Rabu, 19 November 2025

Murianews, Grobogan – Kabupaten Grobogan saat ini menjadi salah satu tulang punggung penyangga pangan nasional. Produksi pertaniannya bisa diandalkan untuk menjaga ketersediaan pangan.

Namun siapa sangka, kabupaten yang dikenal dengan produksi pertaniannya ini pernah dilanda bencana kelaparan hebat di masa lampau. Bahkan bencana itu terjadi dua kali. Kala itu, ribuan warga meninggal akibat kelaparan.

Bencana kelaparan pertama terjadi pada 1849-an. Ketika itu, Grobogan masih wilayah afdeling bersama Demak. Afdeling merupakan istilah untuk menyebut daerah setingkat dengan kabupaten di masa pemerintahan kolonial Hindia Belanda.

Kala itu, kelaparan membuat penduduk Grobogan dan Demak menurun drastis. Dikutip dari buku ”Grobogan Mempesona: Berbicara Sejarah dan Potensi”, kelaparan hebat itu membuat penduduk Grobogan yang semula sekitar 98.500 pada 1848 menjadi sekitar 9000 jiwa pada 1850. Sementara di Demak, dari 336 ribu jiwa menjadi 120 ribuan jiwa.

Banyaknya warga meninggal akibat kelaparan itu disebut-sebut buntut dari kebijakan tanam paksa atau cultuurstelsel yang diterapkan pemerintah kolonial Hindia Belanda sejak 1830-an.

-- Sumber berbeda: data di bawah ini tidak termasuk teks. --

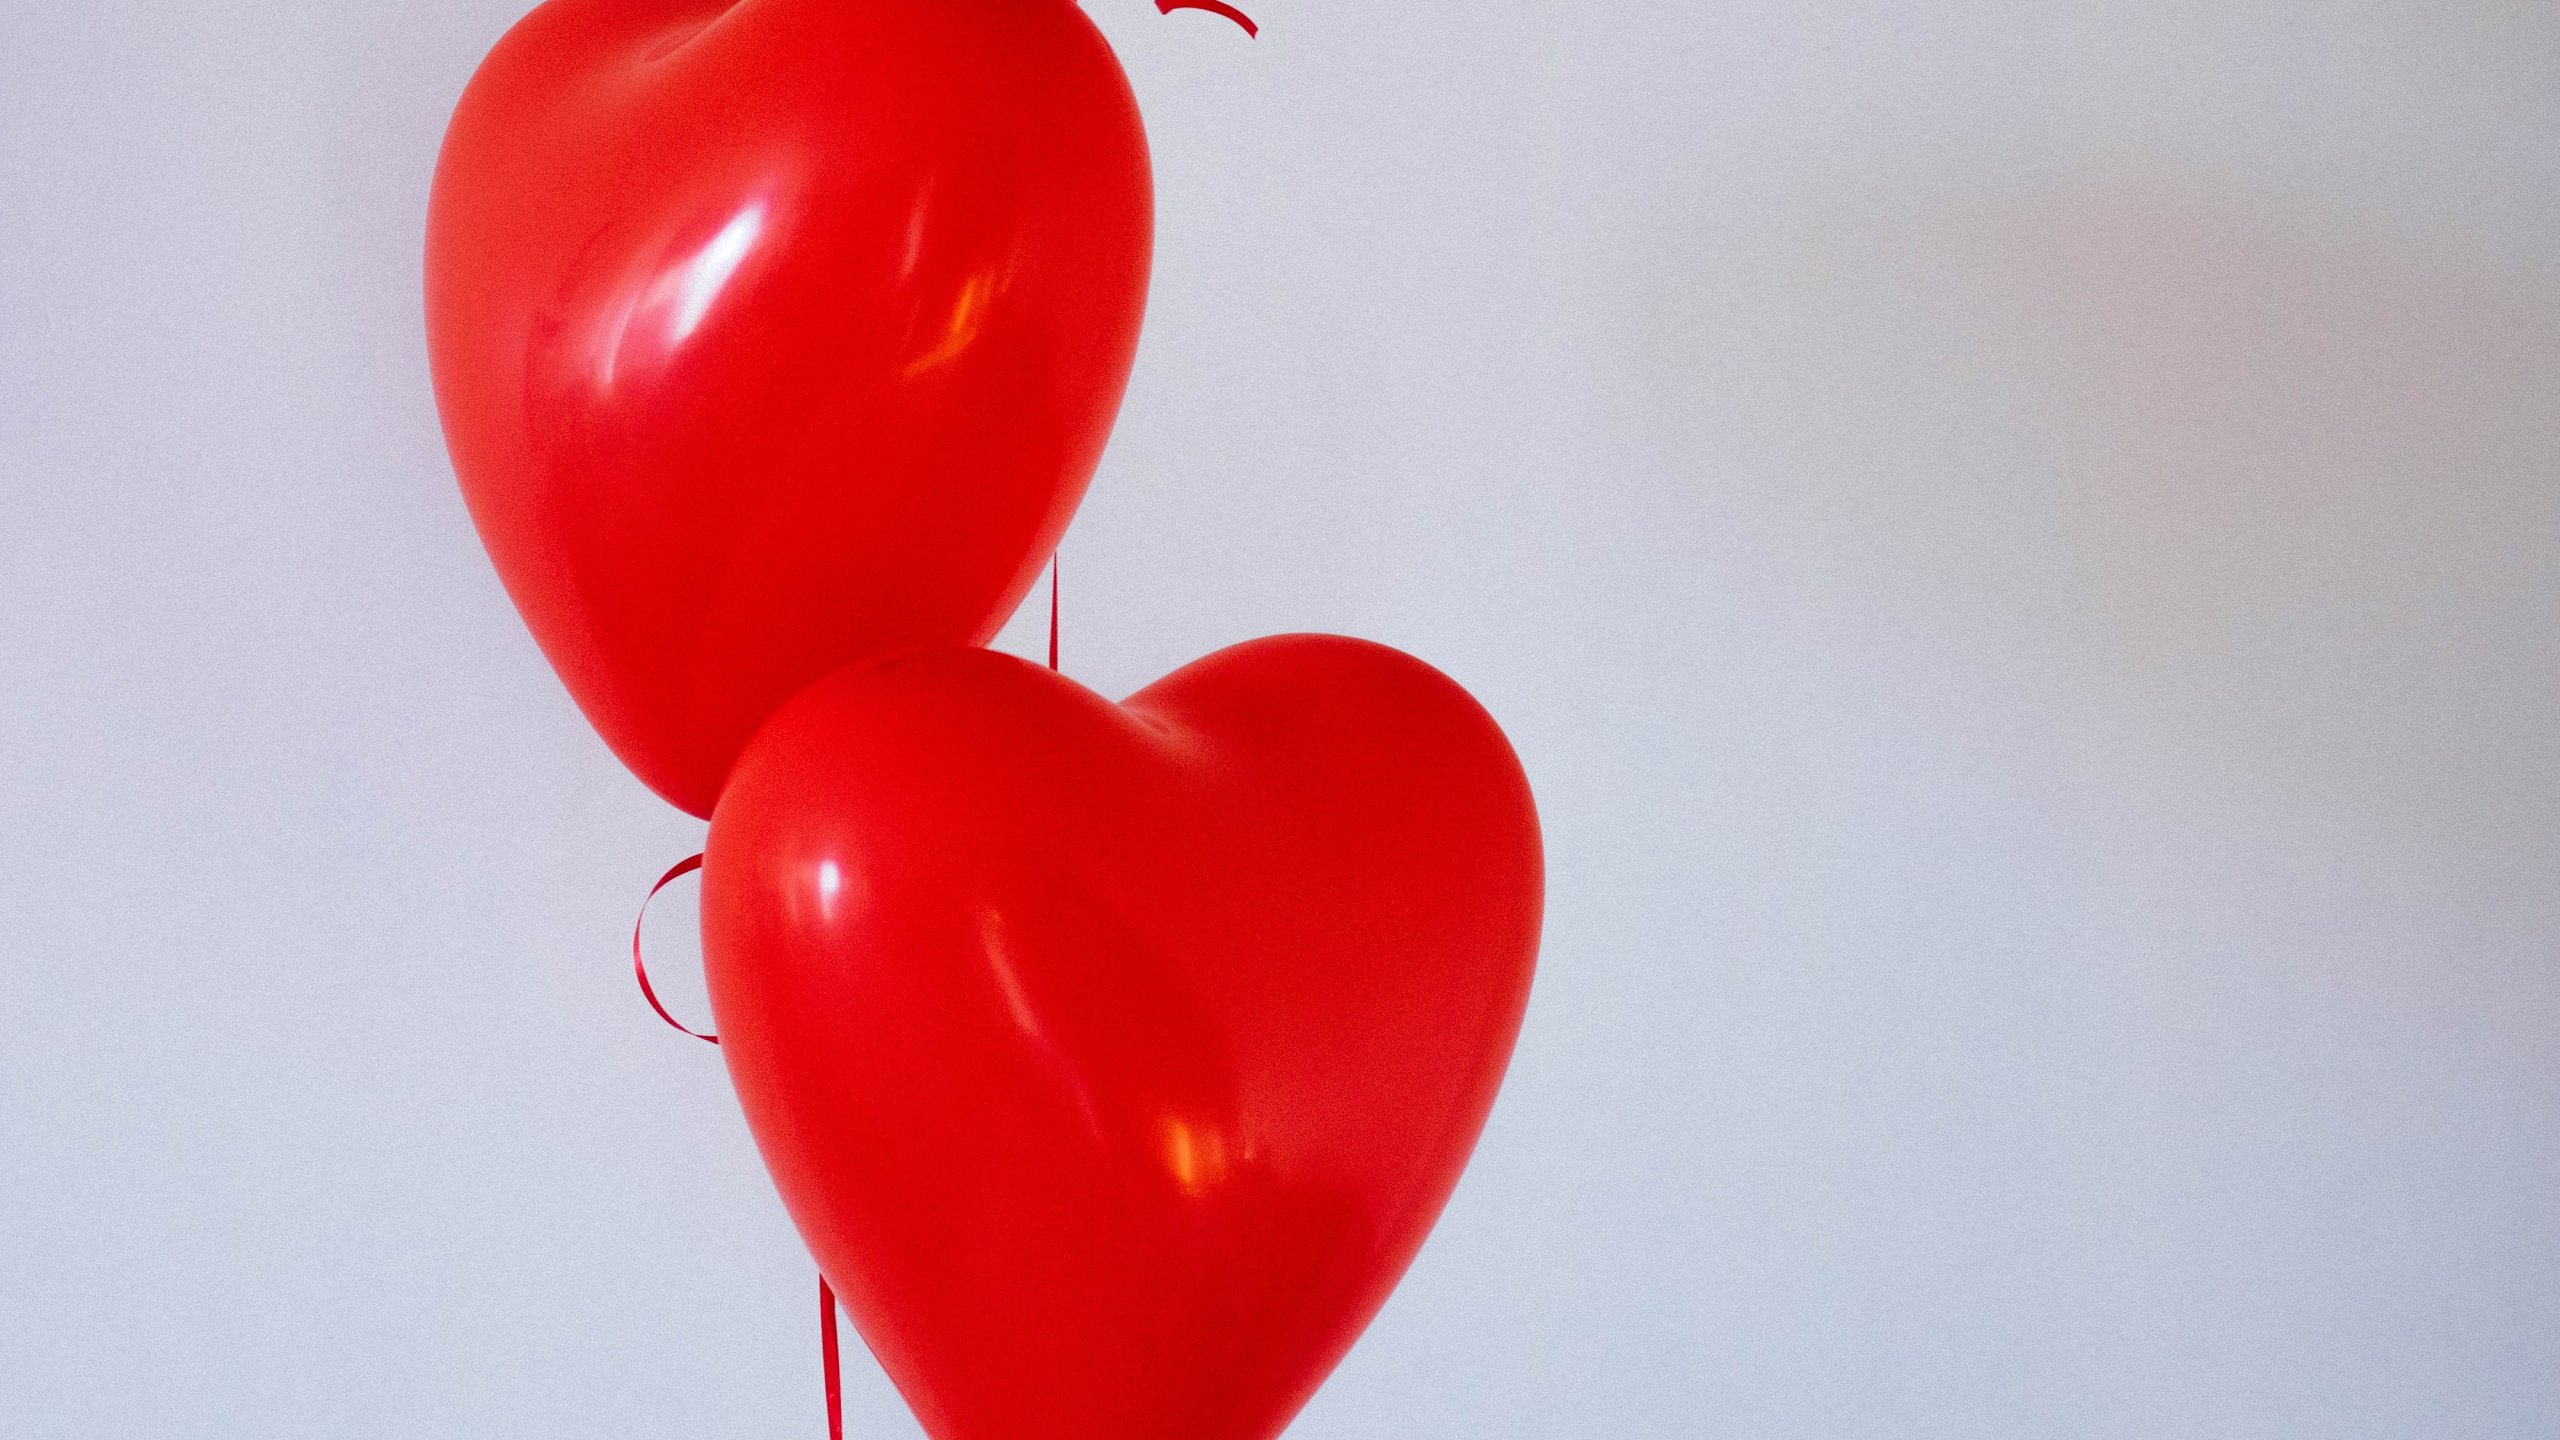 Ballon, Valentines Tag, Herzen, Organ, Liebe. Wallpaper in 2560x1440 Resolution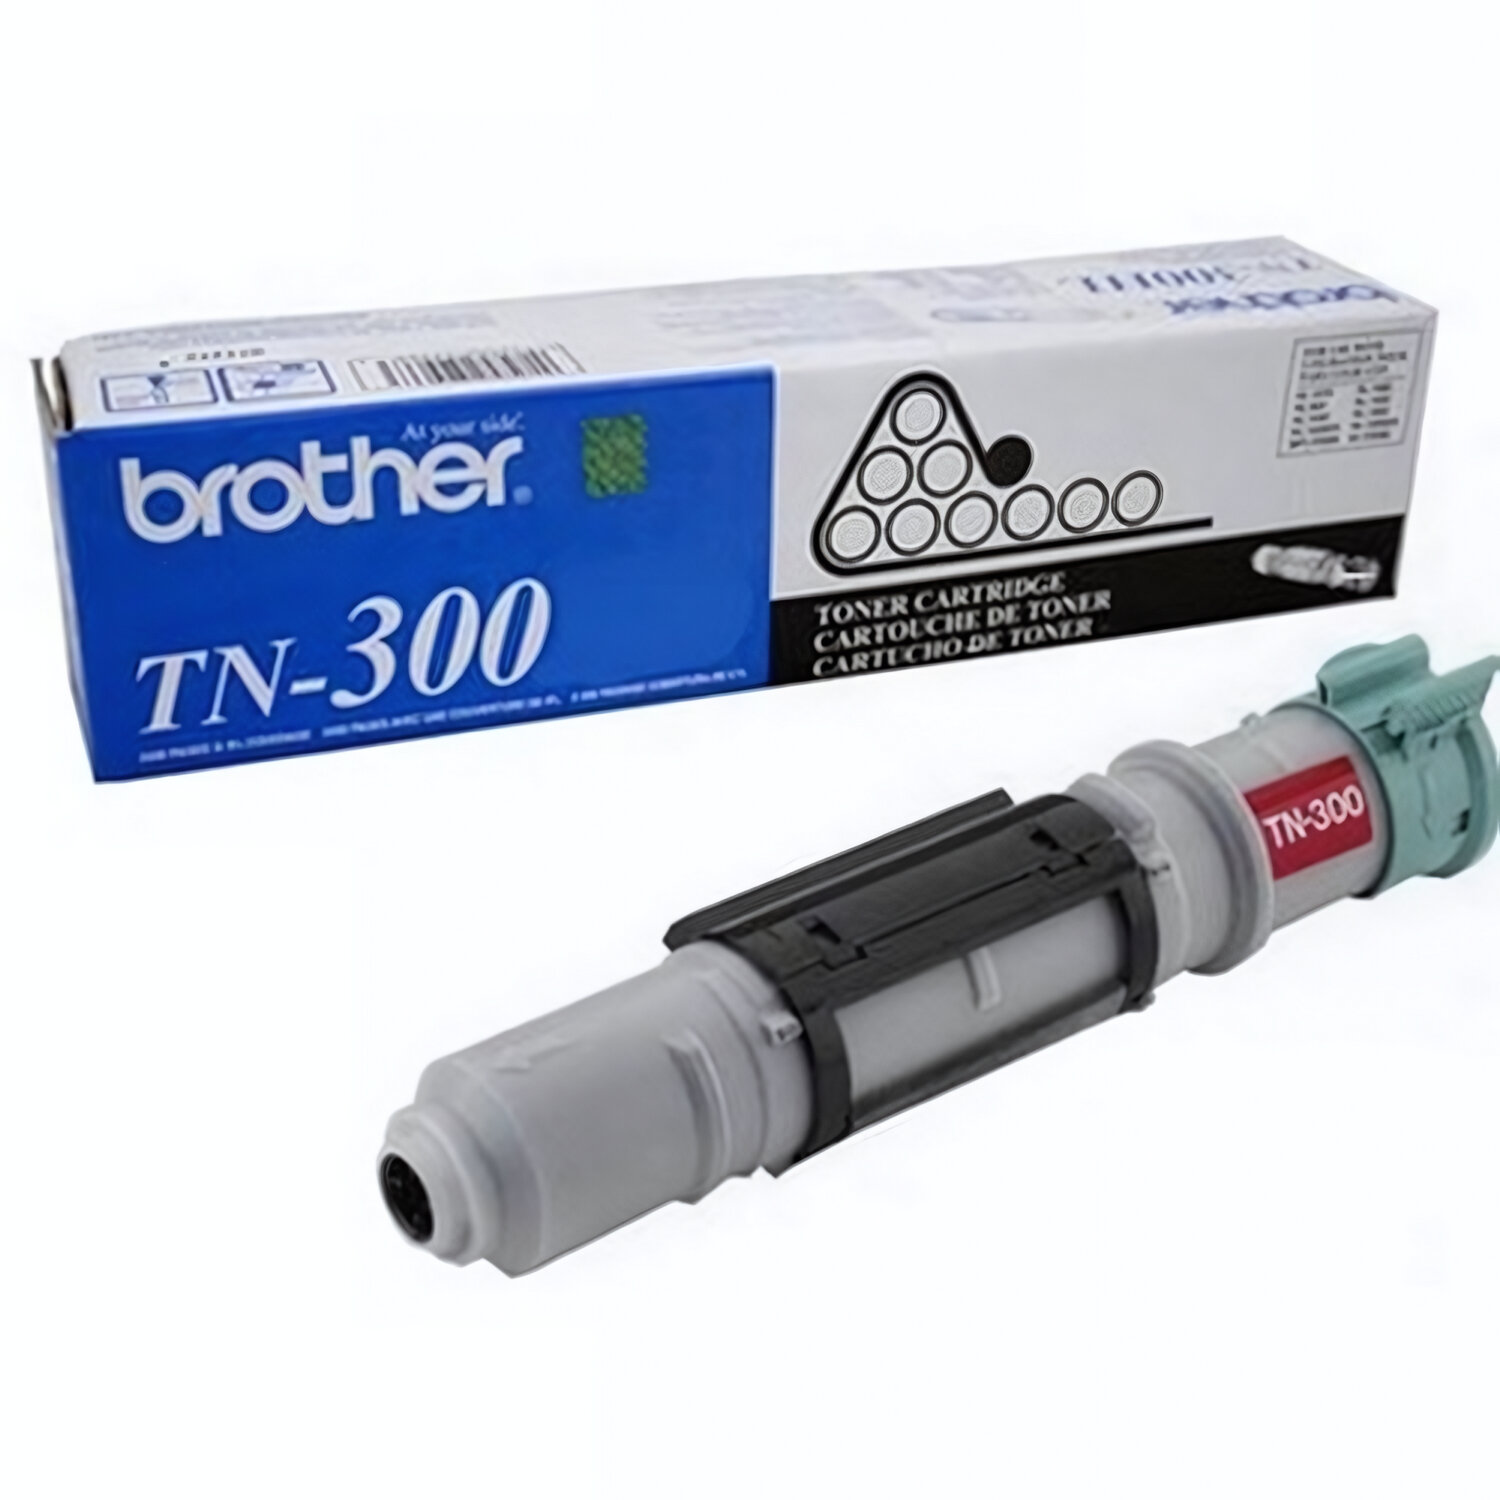 TN300/TN-300 Картридж Brother для HL 1040/1050/1070 — Высокий ресурс 2200 стр.

Sebab, dengan sistem itu, pemerintah kolonial menentukan komoditas yang mesti diproduksi petani Jawa. Selain itu, petani juga harus menyerahkan seperlima hasil panen kepada pemerintah kolonial.

Belum adanya sistem irigasi membuat para petani gagal panen. Walhasil, kelaparan hebat hingga membuat ribuan penduduk meninggal pun terjadi.

Pada 1864, pemerintahan atau ibu kota kabupaten dipindah dari Kota Grobogan ke Kota Purwodadi. Perpindahan itu disebut-sebut berkaitan dengan kelaparan hebat pada belasan tahun sebelumnya.

Kejadian kelaparan hebat kedua berlangsung pada 1900-an, atau 50 tahun usai peristiwa pertama. Namun, tidak disebutkan jumlah korban jiwa pada peristiwa paceklik kedua tersebut.